[Opening Data below section]

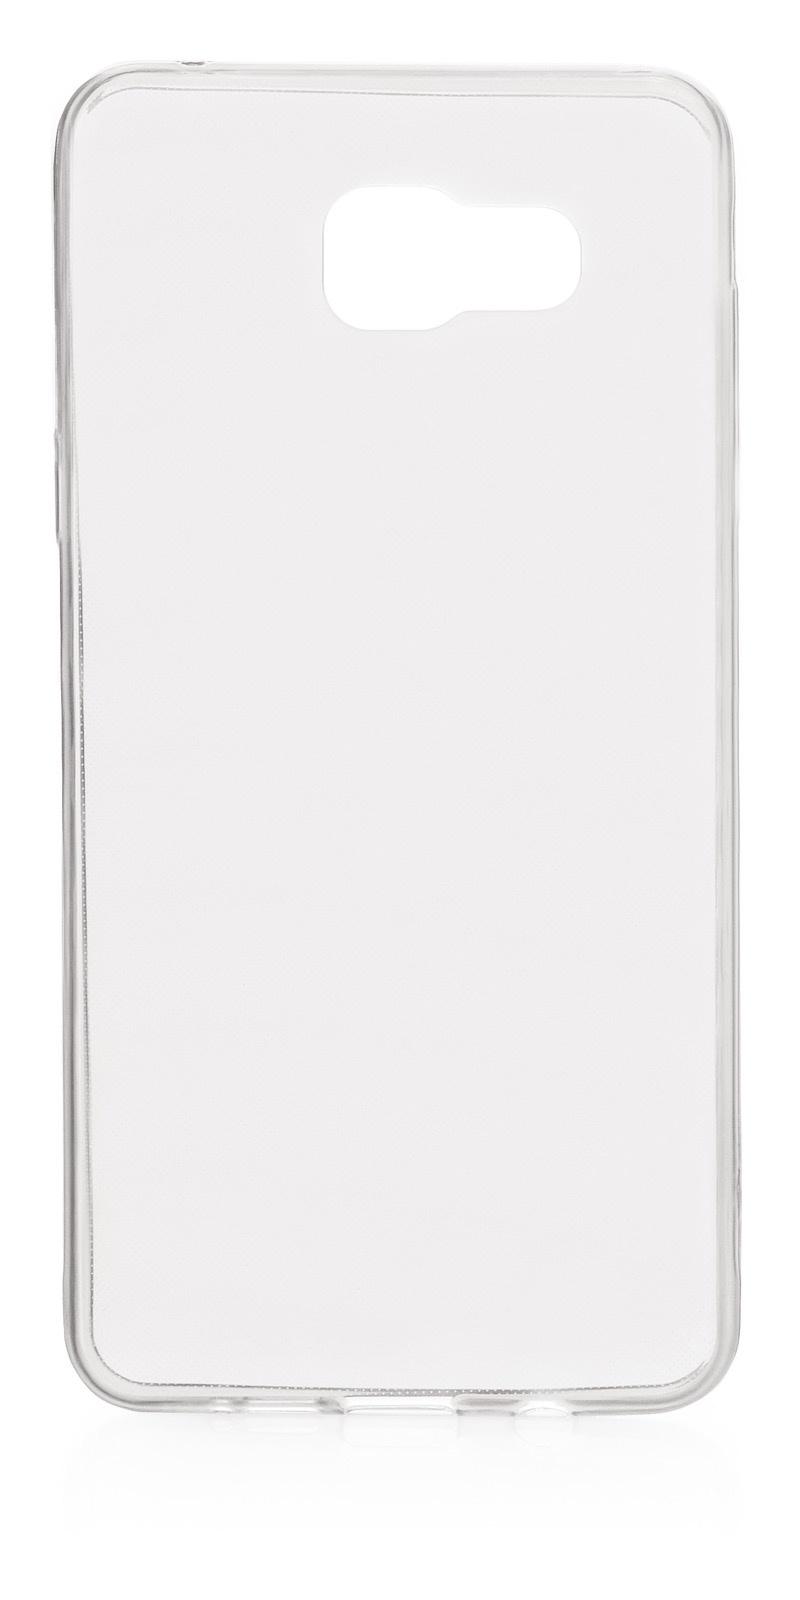 Чехол для сотового телефона iNeez силикон для Samsung Galaxy A7 2016 (A710), прозрачный
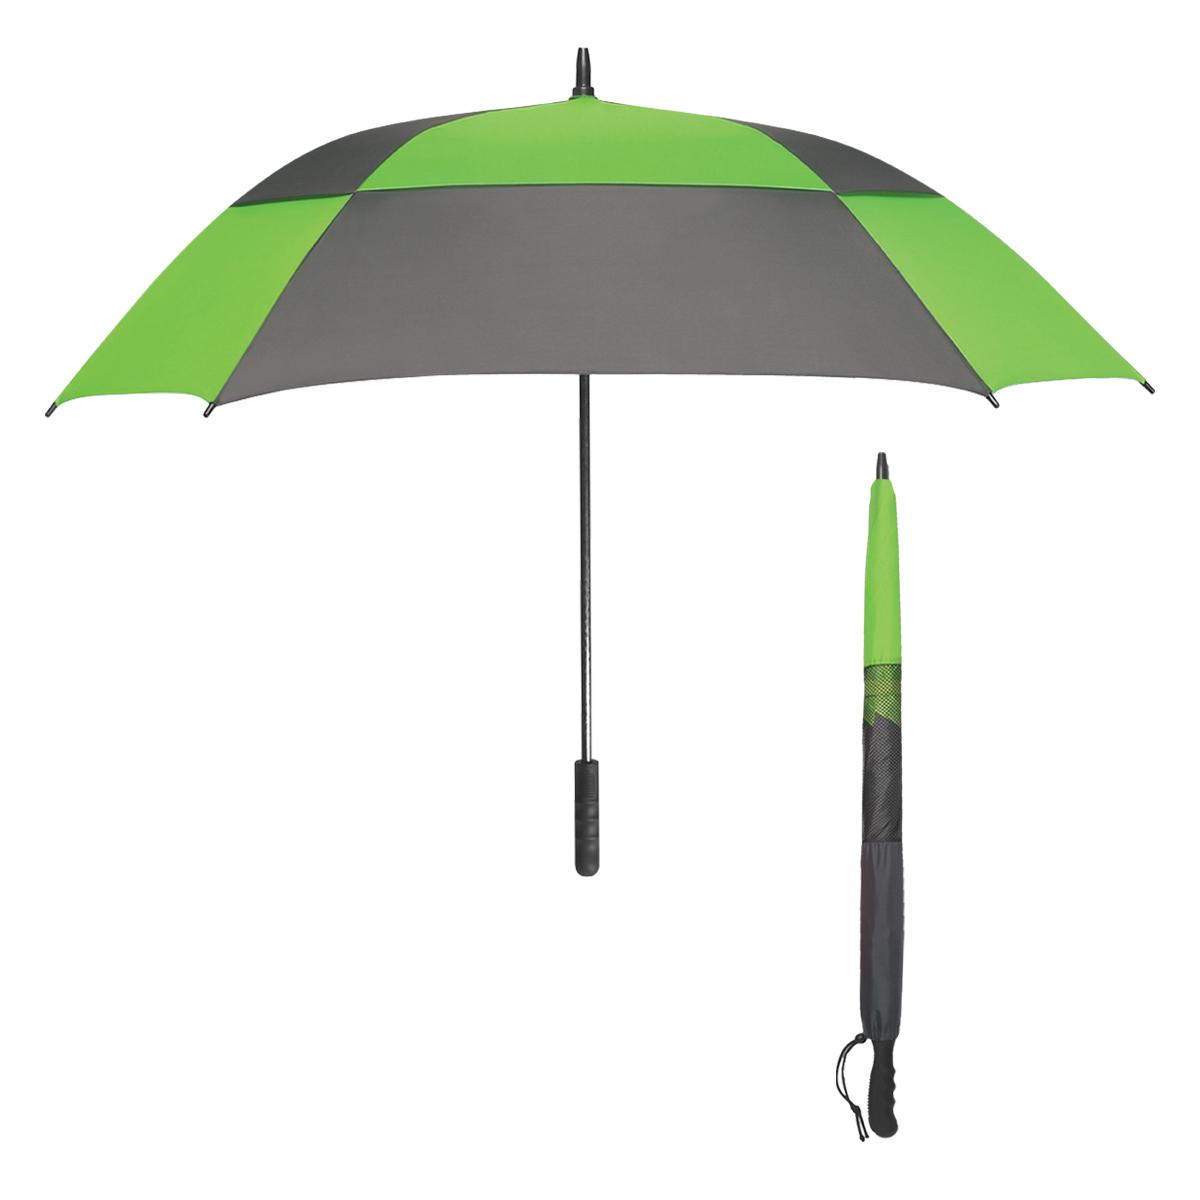 4034 - Paraguas arco cuadrado
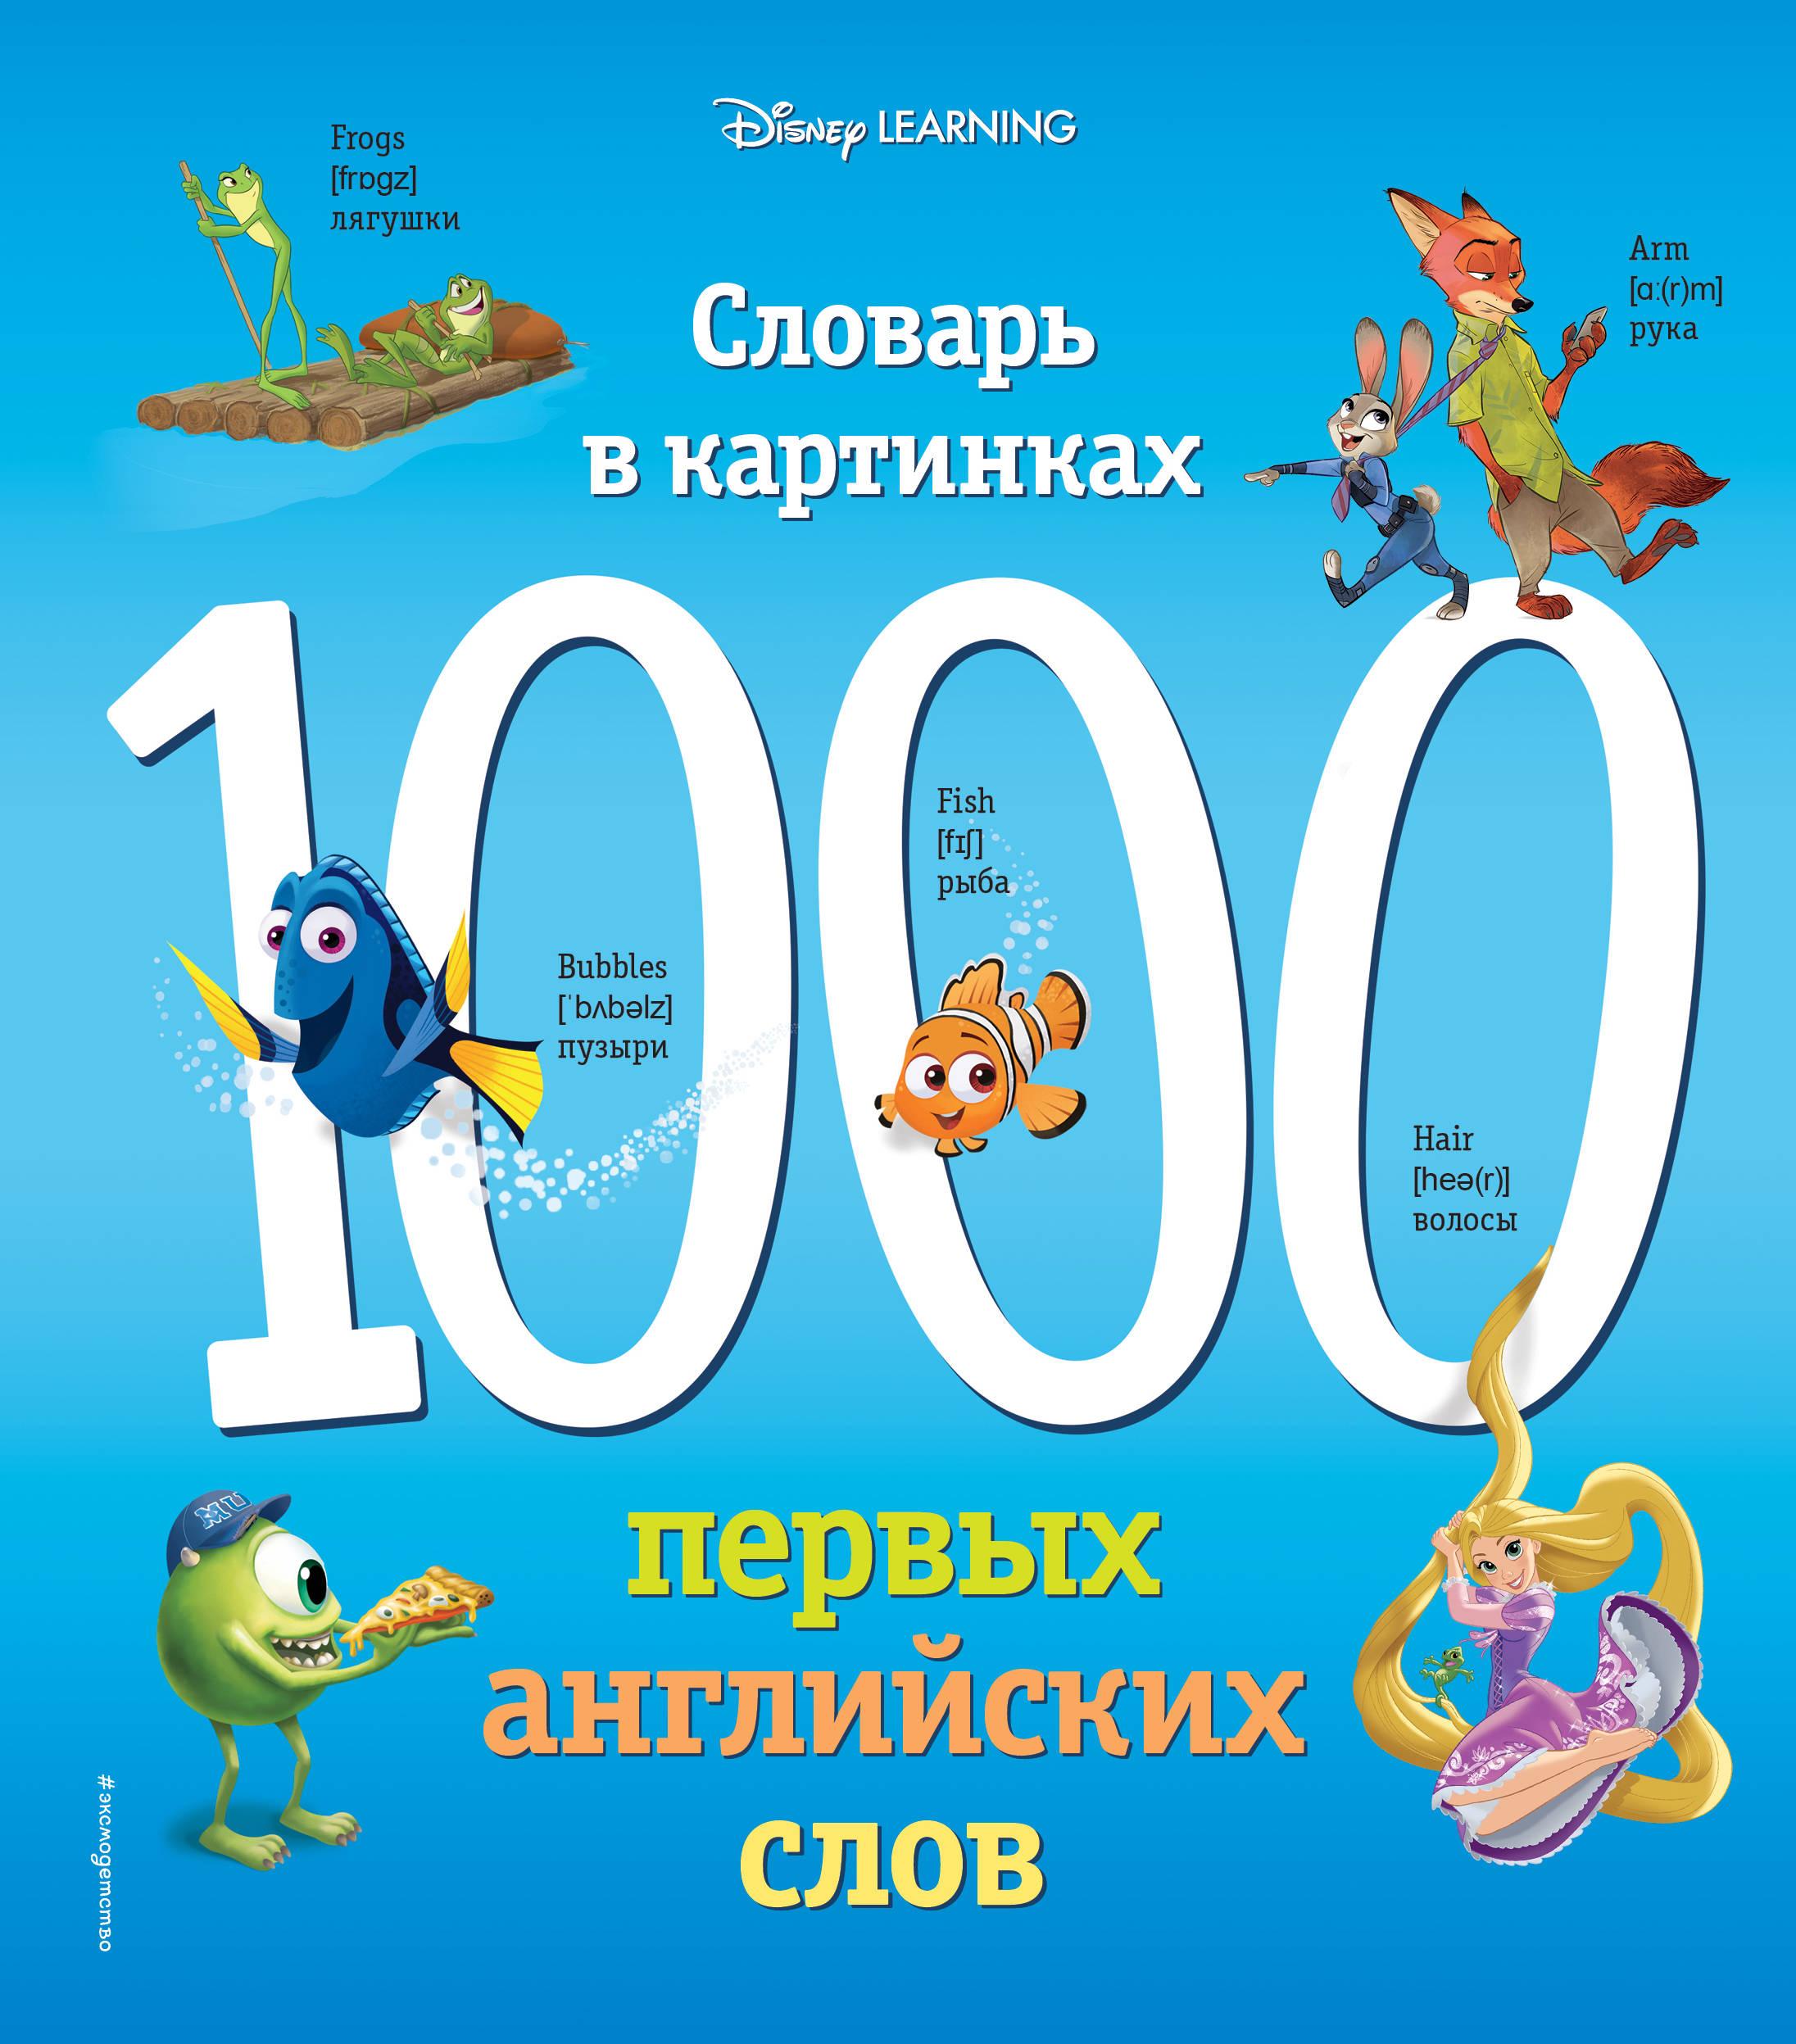 1000 первых английских слов. Словарь в картинках

[Closing Data below section]

Task item
Would you retype each line above exactly and skip every image?

Response to this task
 Чехол для сотового телефона iNeez силикон для Samsung Galaxy A7 2016 (A710), прозрачный
 4034 - Paraguas arco cuadrado
 1000 первых английских слов. Словарь в картинках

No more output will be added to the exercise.